# Your goal:
With the pictures left out, write out exactly the lines of the listing below that run from the line with "Pre Lit Porch Christmas Trees" through the line with "Southern Accents Christmas".

# Information shown:
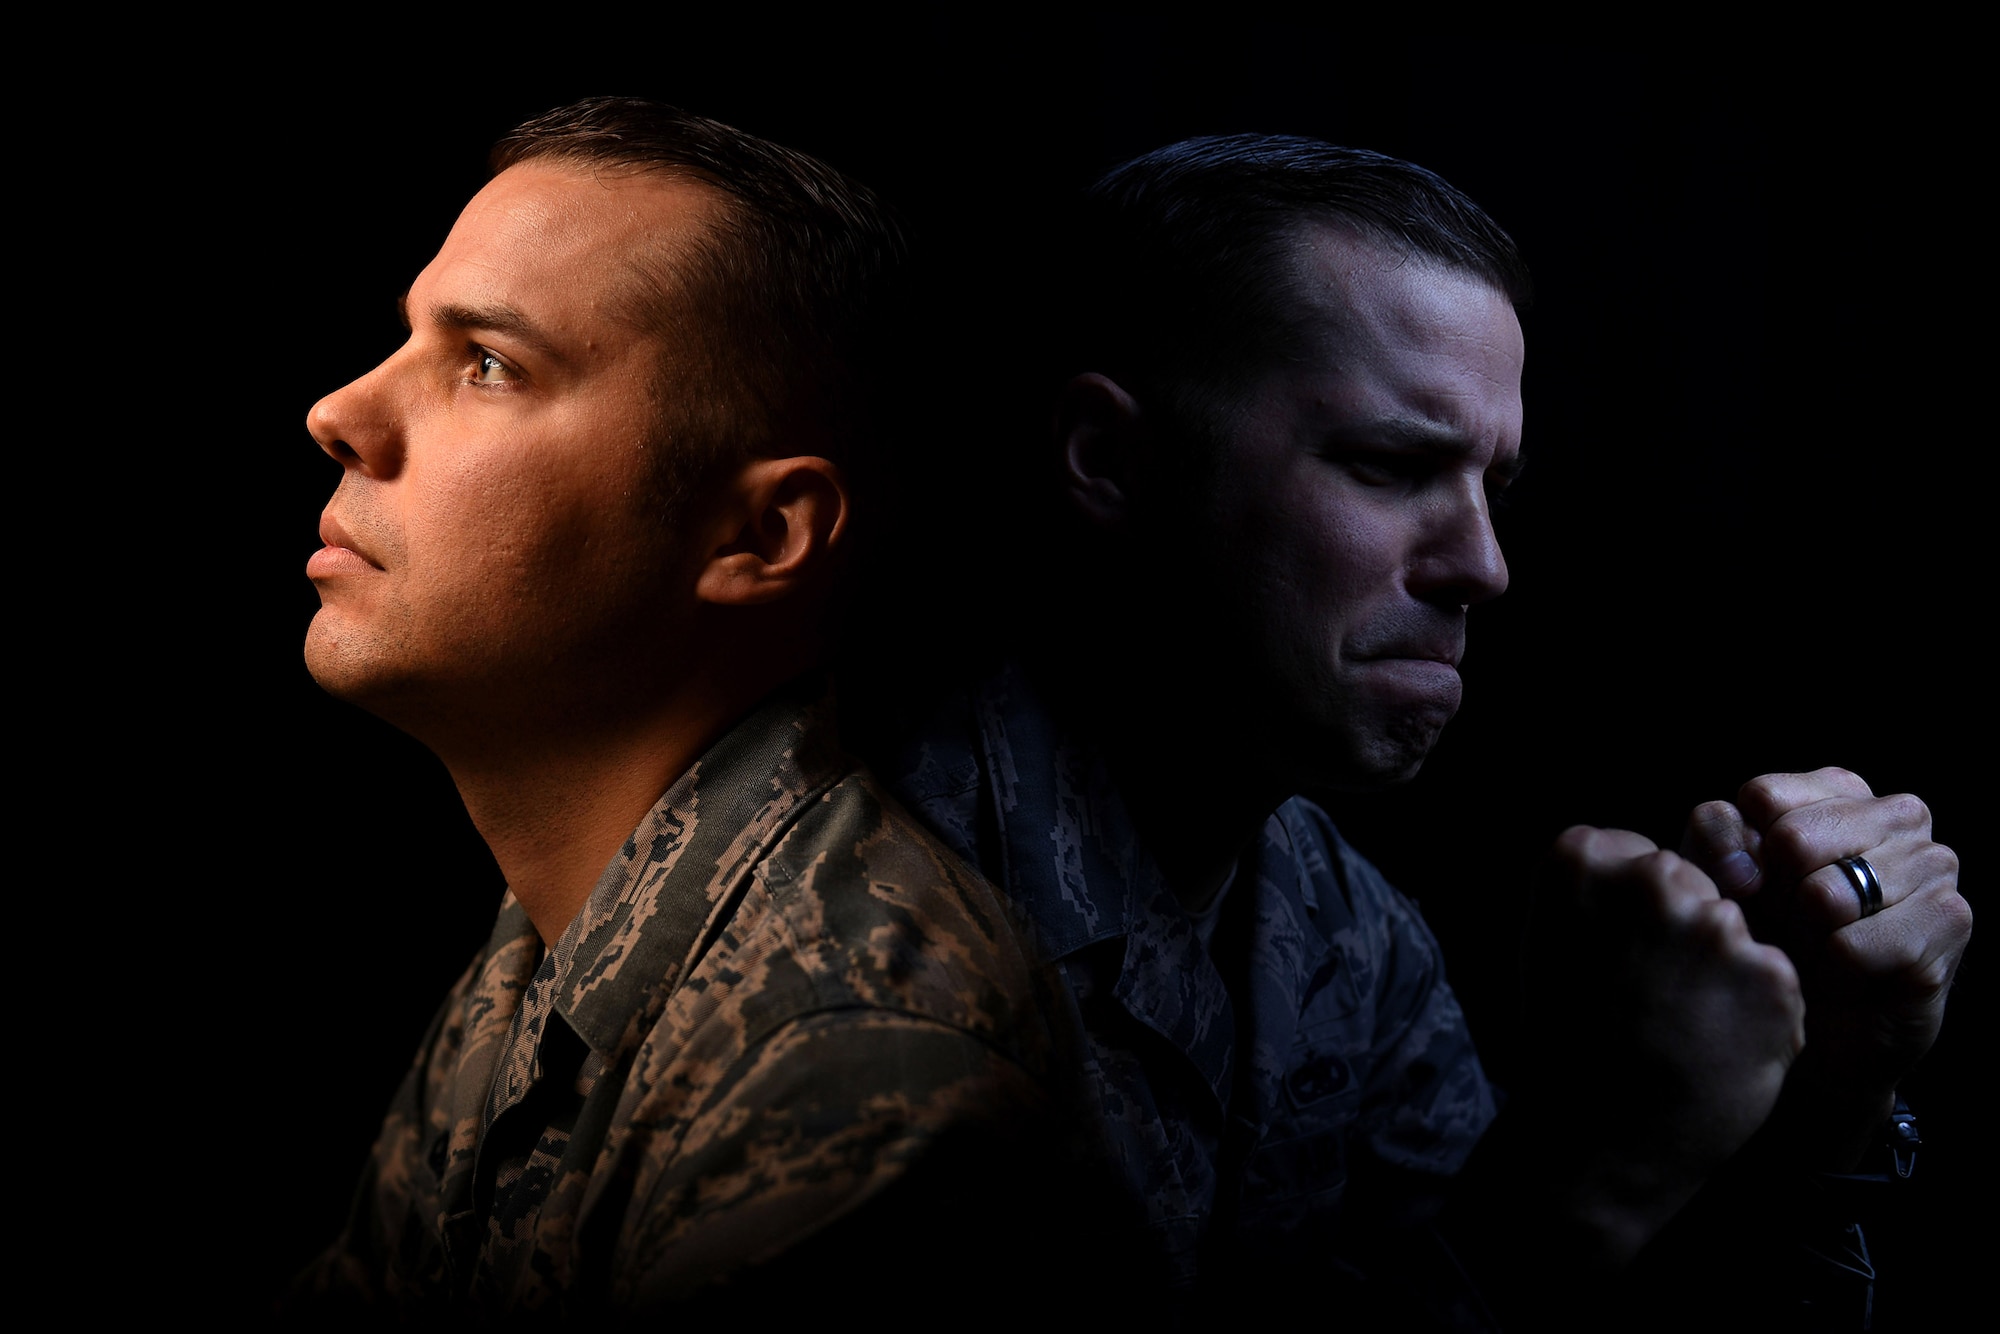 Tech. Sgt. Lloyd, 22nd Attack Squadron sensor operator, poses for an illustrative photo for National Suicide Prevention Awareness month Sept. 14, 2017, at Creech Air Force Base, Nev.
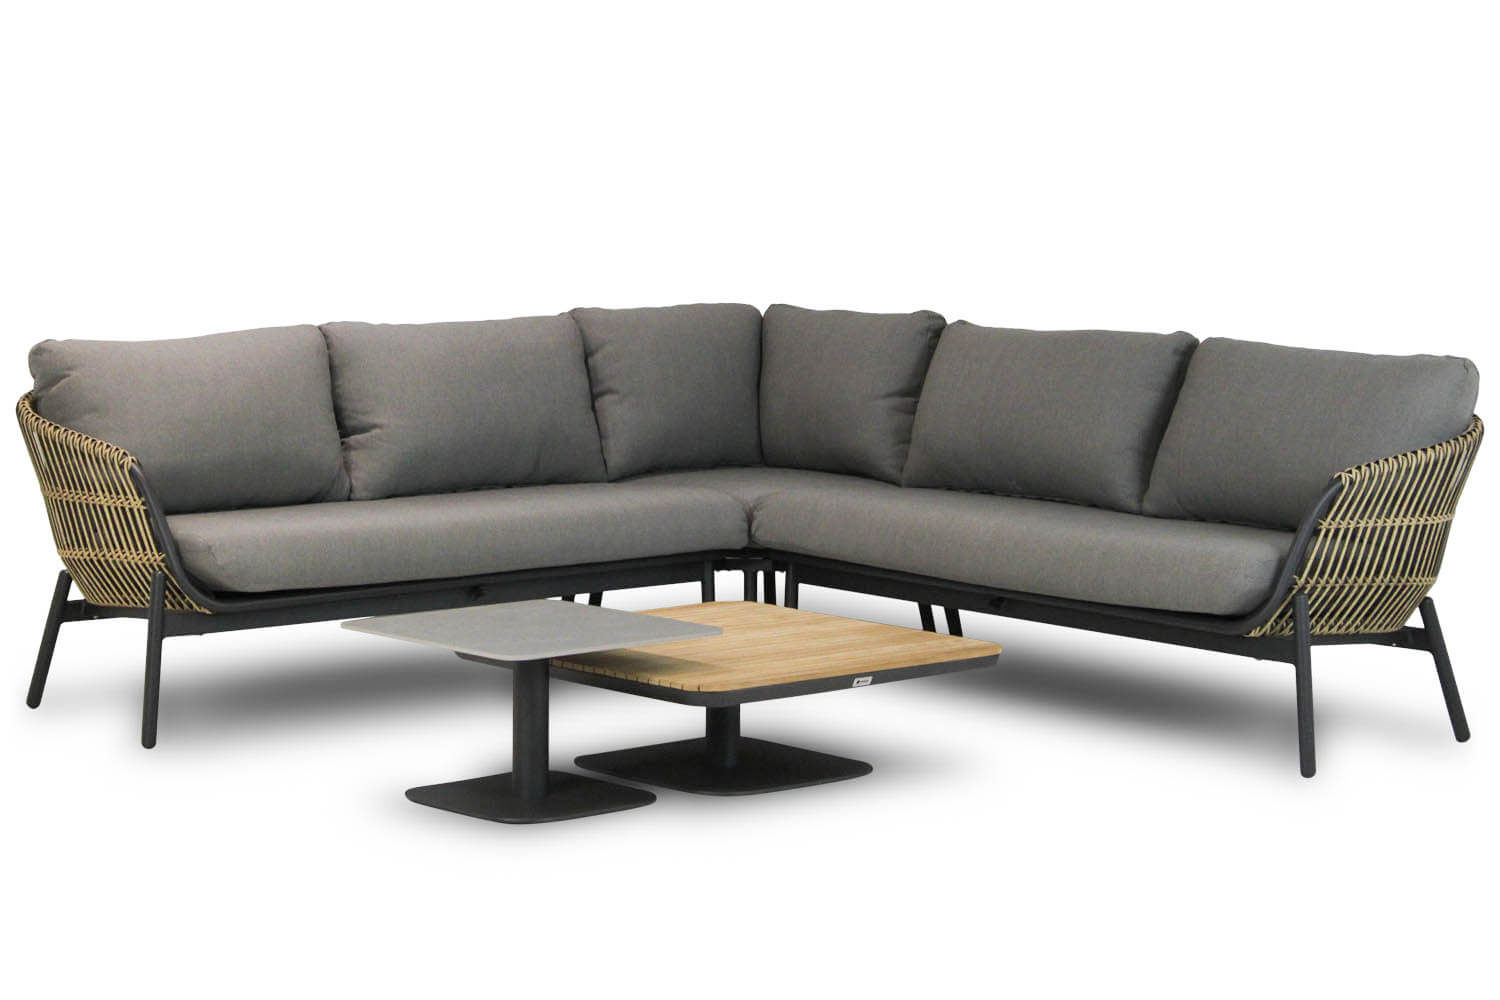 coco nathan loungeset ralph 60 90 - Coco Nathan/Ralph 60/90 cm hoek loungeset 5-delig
--
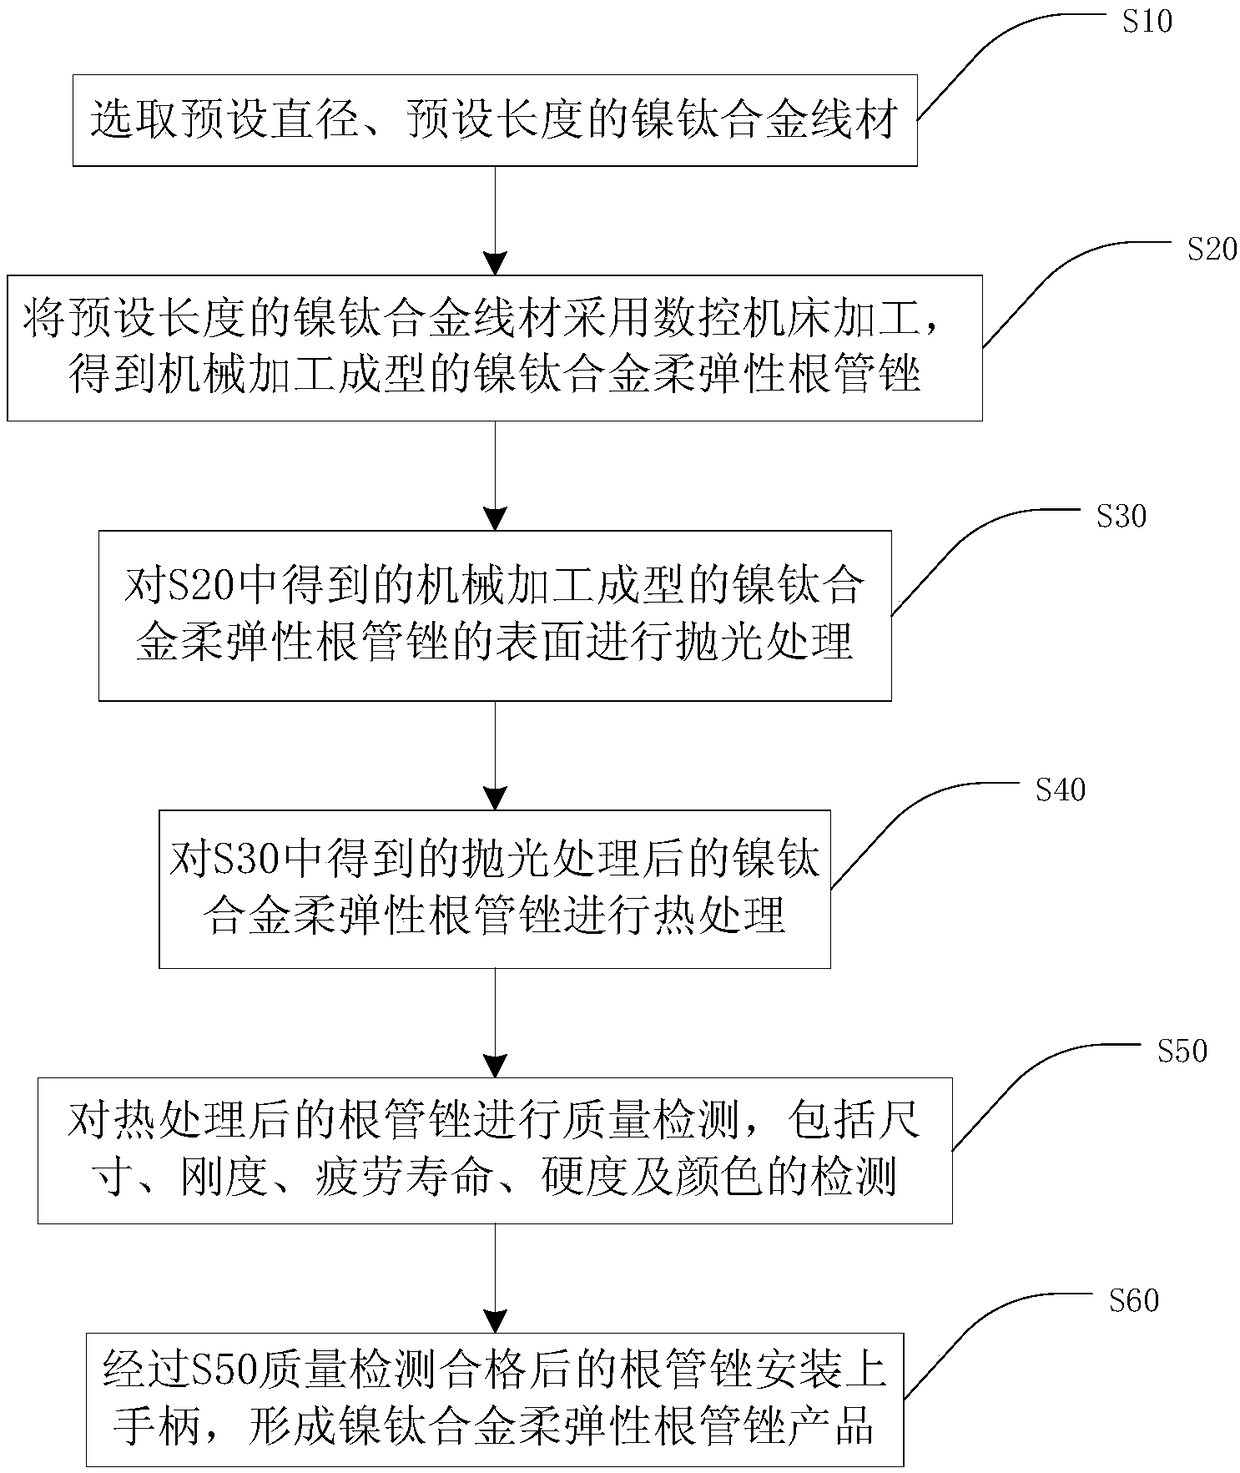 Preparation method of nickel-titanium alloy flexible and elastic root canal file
--
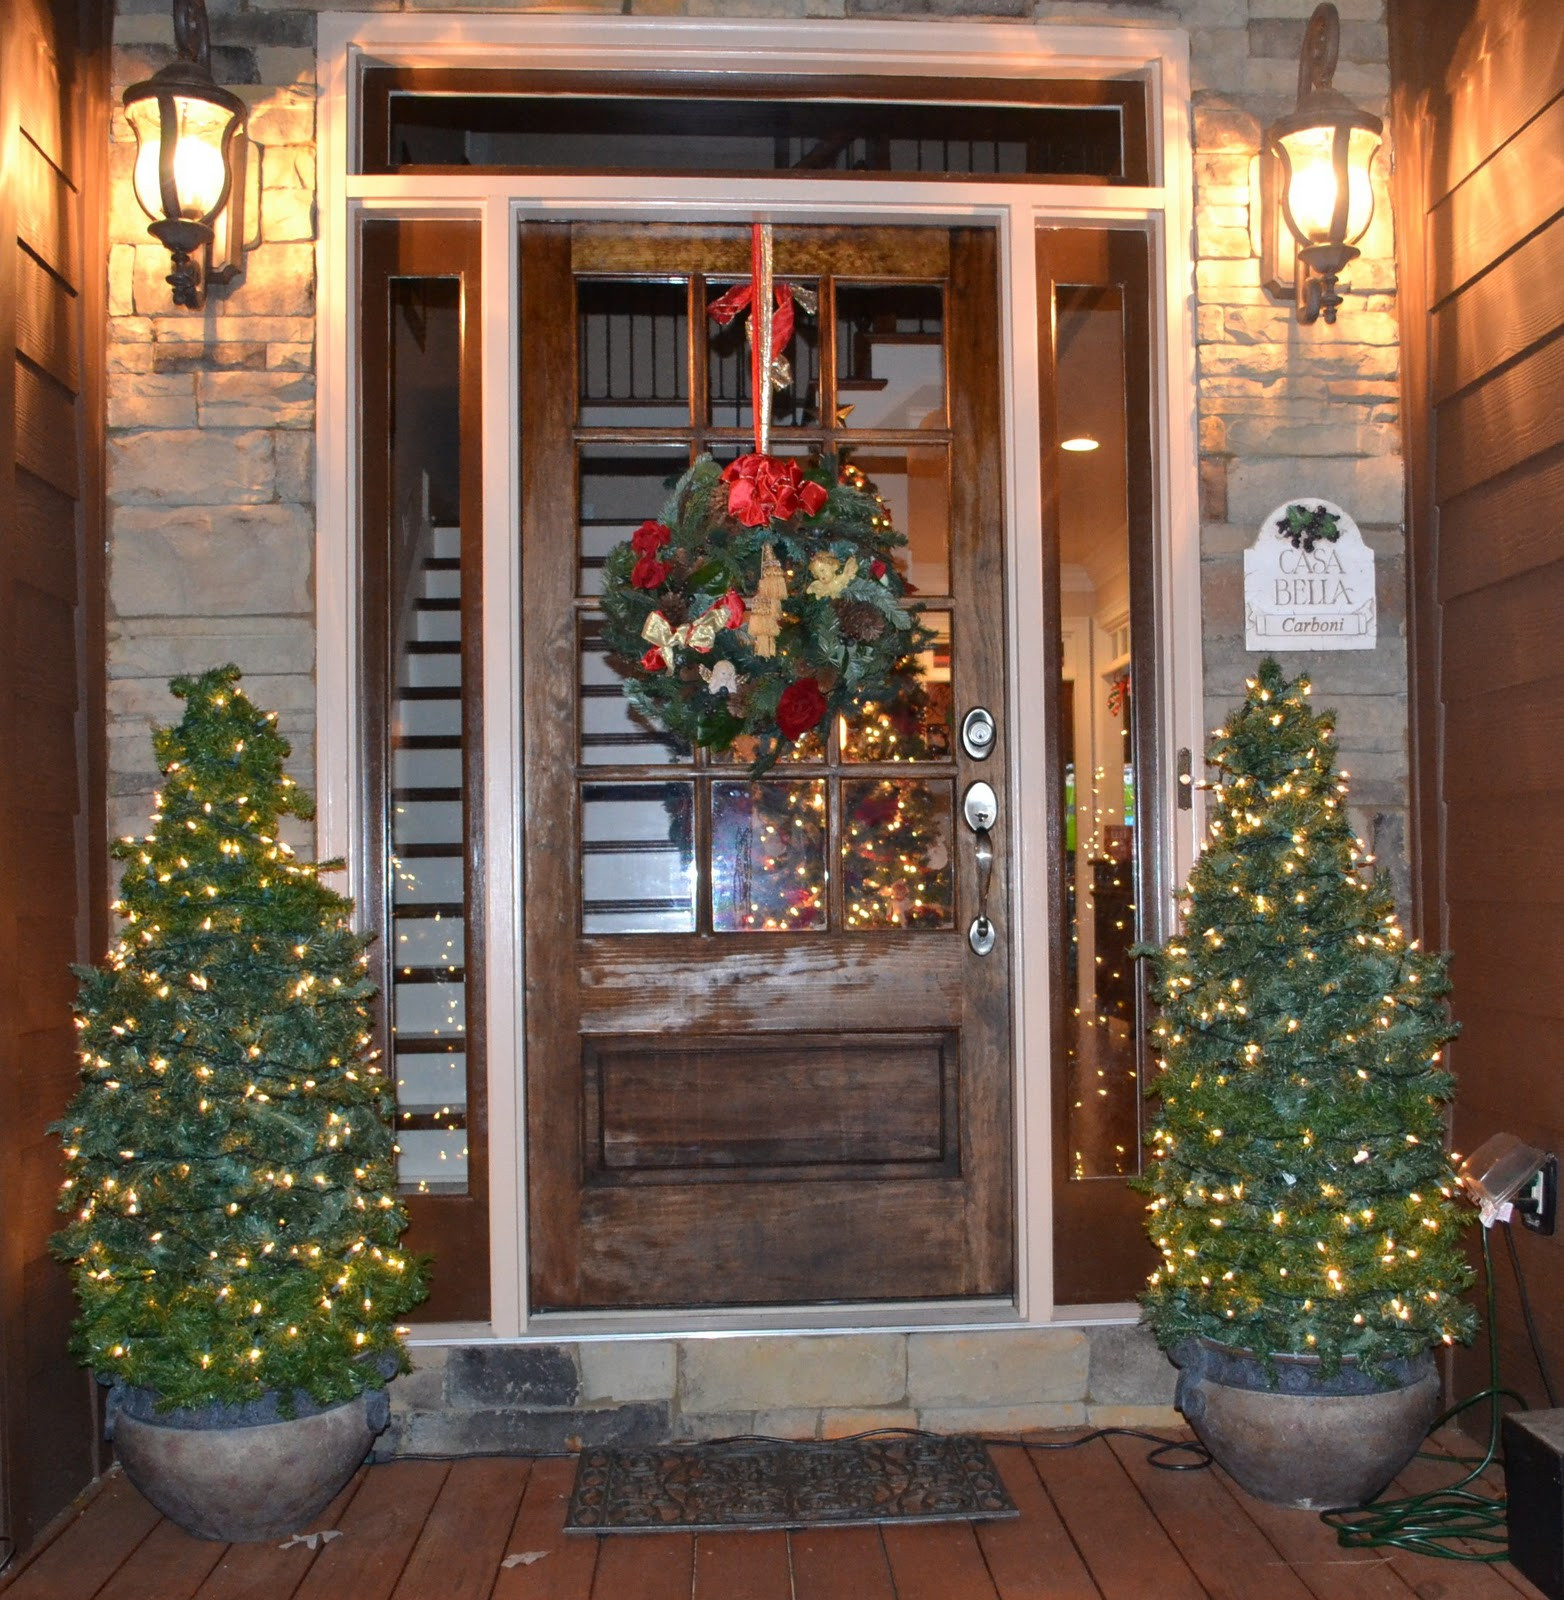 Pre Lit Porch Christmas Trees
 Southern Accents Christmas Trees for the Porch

# Solution to the problem:
 Pre Lit Porch Christmas Trees
 Southern Accents Christmas Trees for the Porch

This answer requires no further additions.